O líder da oposição, deputado estadual Dr. Aledson votou contra Projeto de Lei encaminhado pelo Governo do Estado autorizando a abertura de crédito especial de R$ 15,7 milhões para o chamado “Regime Emergencial de Abastecimento Interno de Combustíveis”. A matéria foi aprovada na última sessão legislativa do semestre.

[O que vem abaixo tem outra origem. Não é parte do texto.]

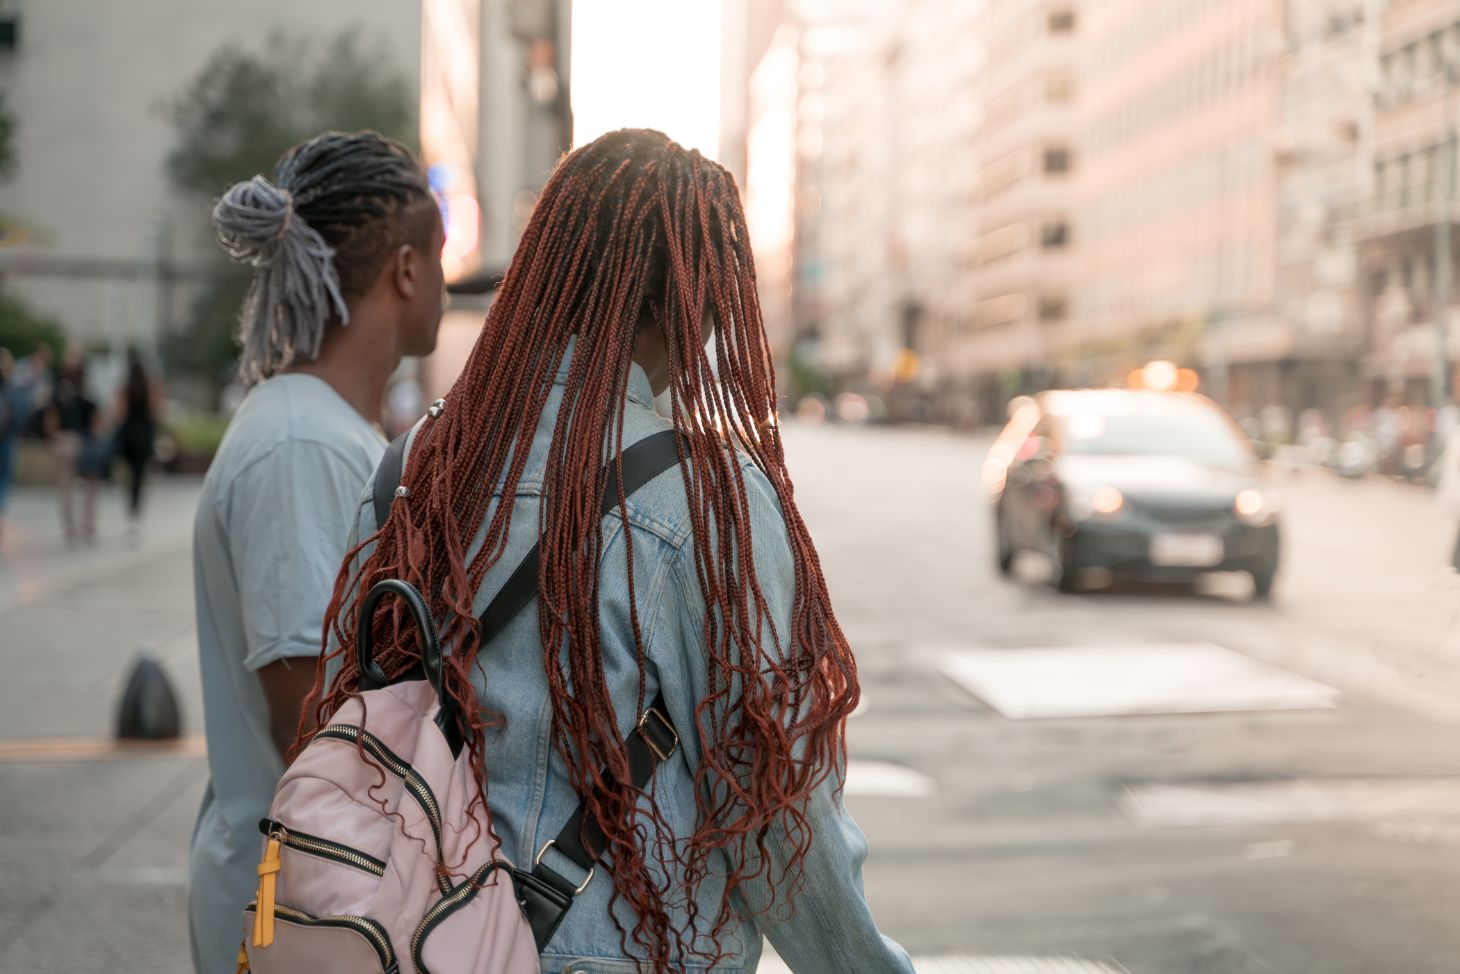 pedestres negros esperam para atravessar rua nos estados unidos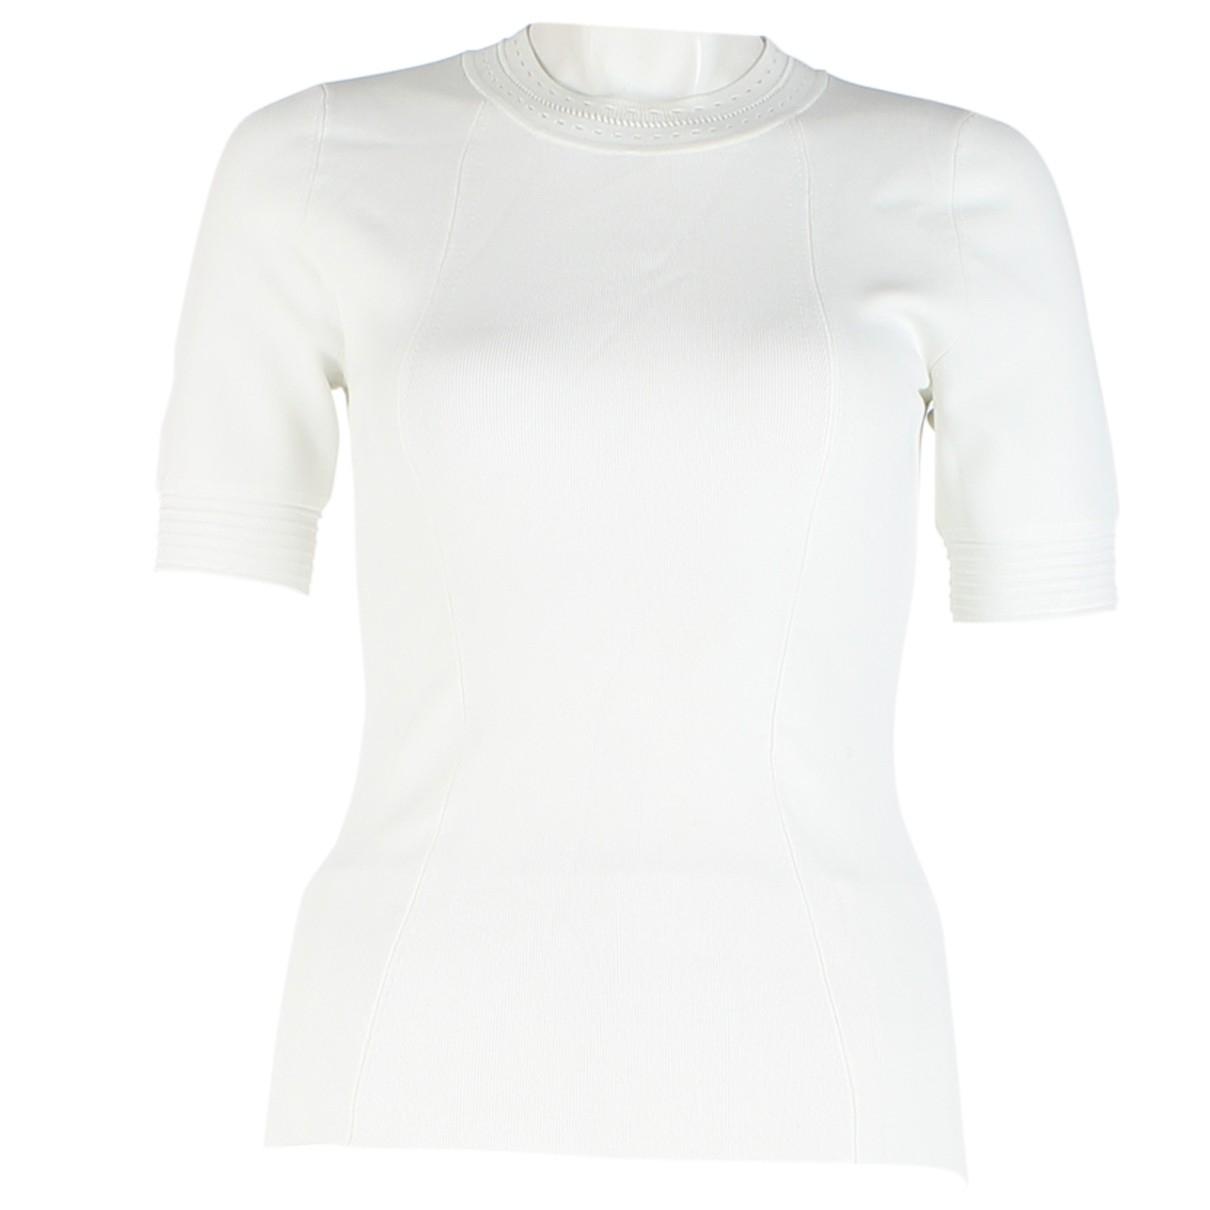 3.1 Phillip Lim ecru Viscose Shirts

Apesar da aprovação, o deputado estadual Dr. Aledson votou contra o projeto e levantou questionamentos sobre a falta de transparência na destinação dos recursos.
Segundo o texto enviado pelo Poder Executivo, os recursos serão utilizados para abastecimento e combustível, no entanto, o projeto não detalha quais órgãos, secretarias ou programas serão beneficiados com os recursos.
Para Dr. Aledson, a ausência dessas informações impede uma análise mais aprofundada e deixa a população sem explicações.
“Não estamos discutindo um valor pequeno. São R$ 15,7 milhões destinados a combustível sem que o governo apresente de forma clara onde esse dinheiro será aplicado, quais secretarias serão contempladas e qual a real necessidade operacional dessa despesa”, argumentou o parlamentar.
O deputado também chamou atenção para o momento em que a matéria foi apresentada. Em ano eleitoral, segundo ele, a transparência na utilização dos recursos públicos deve ser ainda maior para evitar dúvidas e garantir o controle social dos gastos governamentais.
Valor daria para dar 723 voltas na Terra
Os números impressionam porque considerando o preço médio da gasolina em R$ 6,50 por litro, os R$ 15,7 milhões autorizados equivalem à compra de aproximadamente 2,4 milhões de litros de combustível. Se utilizados em veículos com consumo médio de 12 quilômetros por litro, esse volume permitiria percorrer cerca de 29 milhões de quilômetros.
Numa comparação, essa distância representa aproximadamente 723 voltas completas ao redor da Terra.
Durante a tramitação da matéria, o Governo do Estado não apresentou, segundo os parlamentares de oposição, explicações detalhadas sobre a operacionalização do programa, nem como seria a distribuição dos recursos entre os diversos órgãos da administração estadual.
Mesmo diante dos questionamentos, o projeto foi aprovado pelo plenário da Assembleia Legislativa.
Dr. Aledson afirmou que continuará acompanhando a execução da despesa e cobrando informações detalhadas sobre a aplicação dos recursos públicos.
“O papel do deputado é fiscalizar. Quando se trata de milhões de reais do contribuinte, a transparência não pode ser opcional; ela deve ser uma obrigação permanente do poder público”, finalizou.